Until it exists I have to imagine it, and at the moment there are gaps. There are links and threads I haven’t followed or discovered yet and that’s the best way to put what drives me to explore every aspect of a bands genetic make-up. I’m writing this to the sounds of the Diplo / Santigold mix-tape which is useful to make a point- Santigold has 603,000 listeners on Last.fm (http://www.last.fm/user/david1879). ‘Stiffed’, the new-wave/punk band she sang with before going solo have 15,000.  I love their two albums, discovered with a bit of digging while looking for more Santigold material in the wait for a new album. Likewise The Drums, 543,000 and Jonny Pierce’s previous ‘Elkland’, 11,000. The internet has made it possible to leave no stone unturned- no b-side or studio out-take unheard, no side-project or pre-fame band unfound, and to me, it’s as if i’d be failing in my duty if I didn’t do so. I reverse-engineer bands. Who do they sound like, who else have they recorded with, who sounds like them, it’s a stringent process that’s become second nature that most stuff I listen to has been or will be subjected to and nothing pleases me more than coming up with the goods.

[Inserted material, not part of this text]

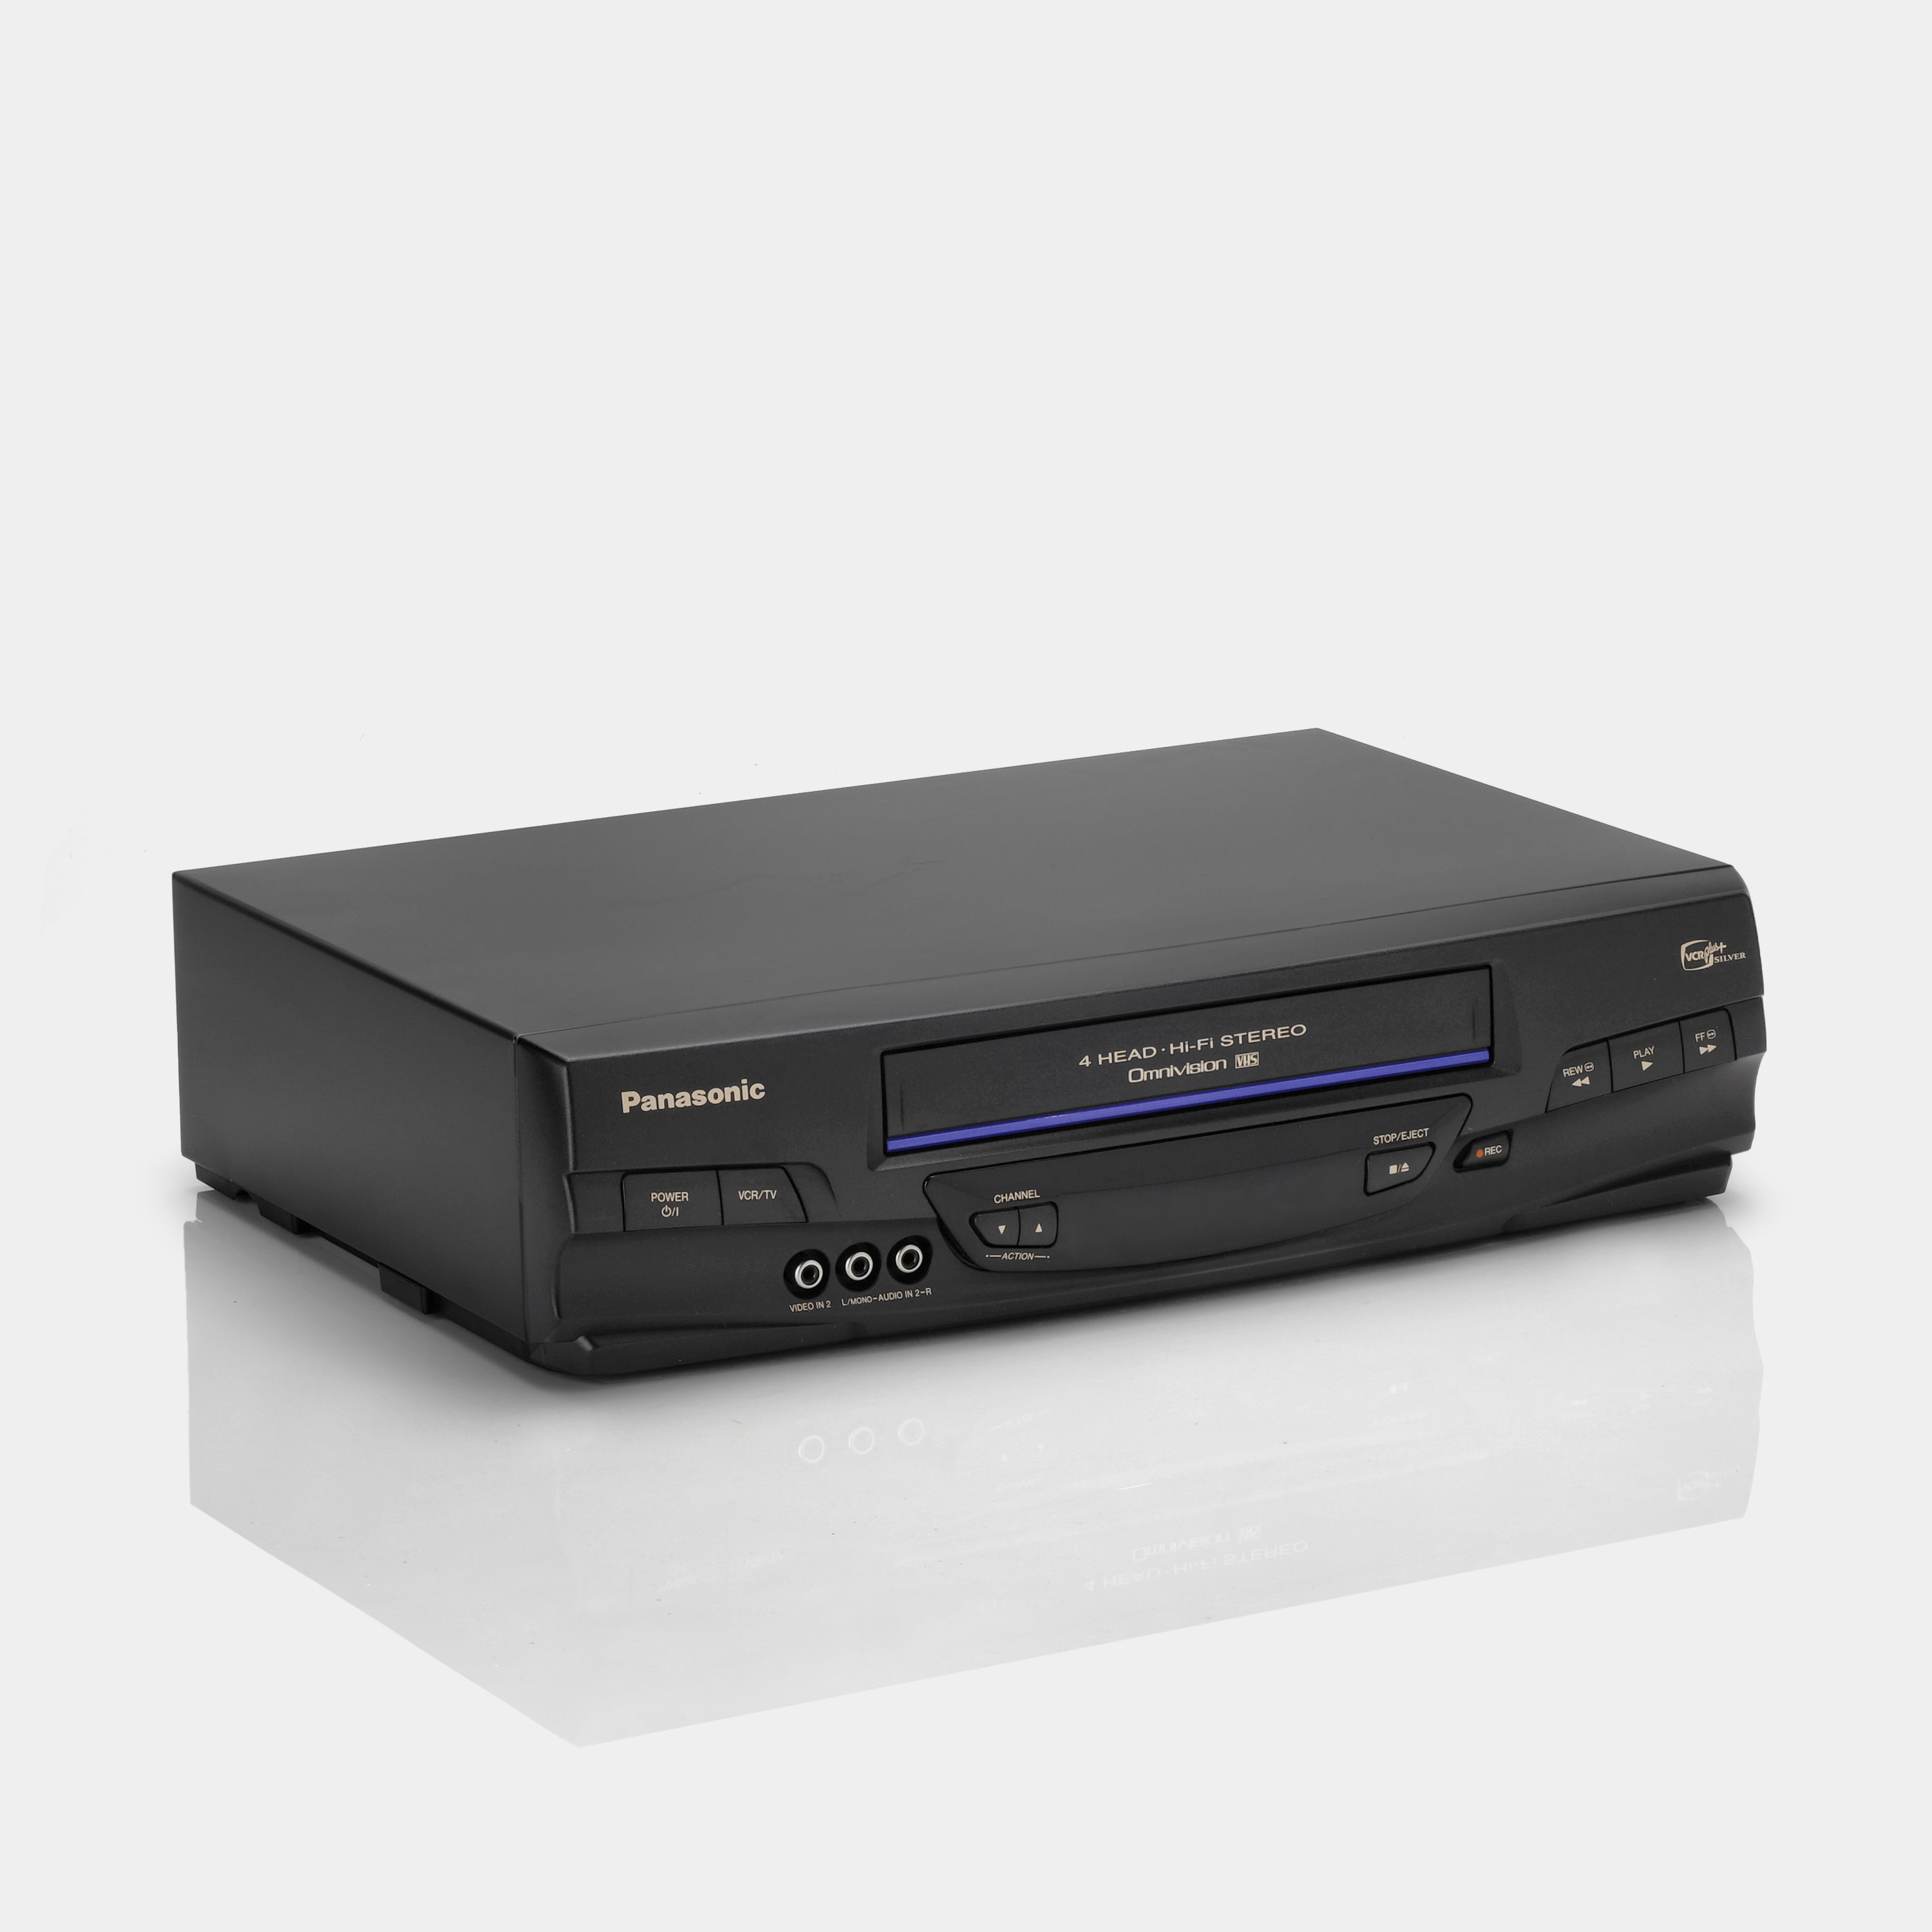 Panasonic Omnivision PV-V4540 VCR VHS Player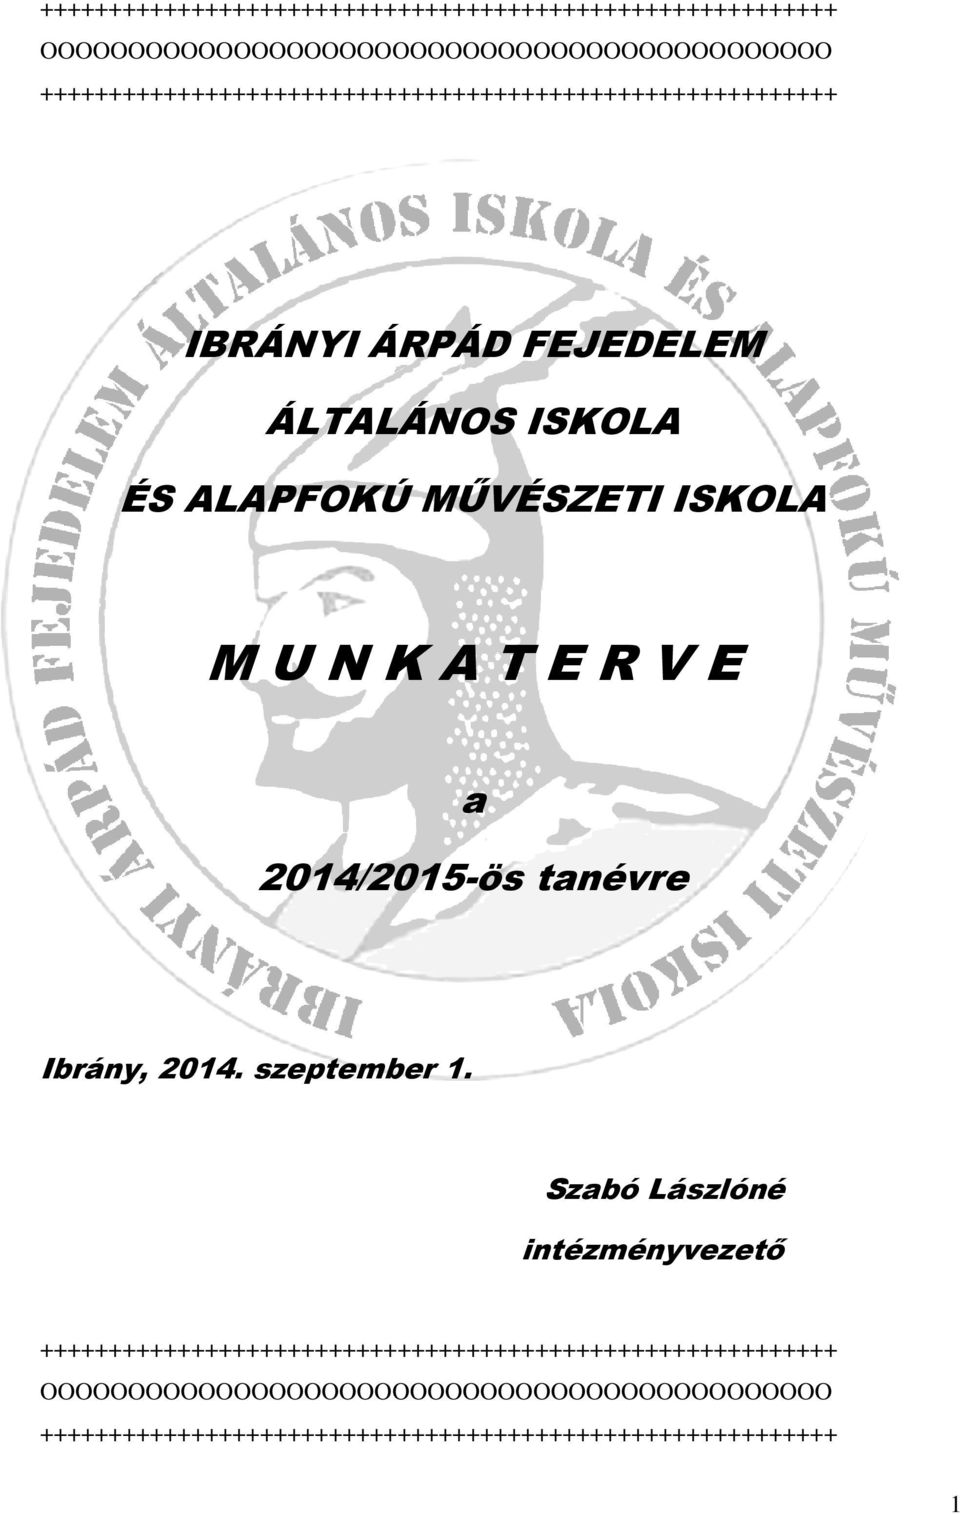 ISKOLA M U N K A T E R V E a 2014/2015-ös tanévre Ibrány, 2014. szeptember 1.

As for where my enjoyment of music comes from in the first place, there’s no doubt I get it from my Dad. My earliest musical memory is hearing ‘Lola’ by The Kinks on Capital Gold, the station that I heard most mornings throughout the early years of my life (and have continued to listen to now), and I also remember the weekends he’d spread his record collection on the floor and just play 45’s for hours. Little did I know then that they’d stay with me, committed to memory, the earliest foundations upon which I’d build my own vast library. I couldn’t have had a much more solid start either, those boxes of vinyl containing plenty of punk, 2-tone, new-wave, the odd bit of reggae and ska, and more than a couple of 50’s artists ‘borrowed’ from the collections of HIS Dad. It’s a passion that’s never waned.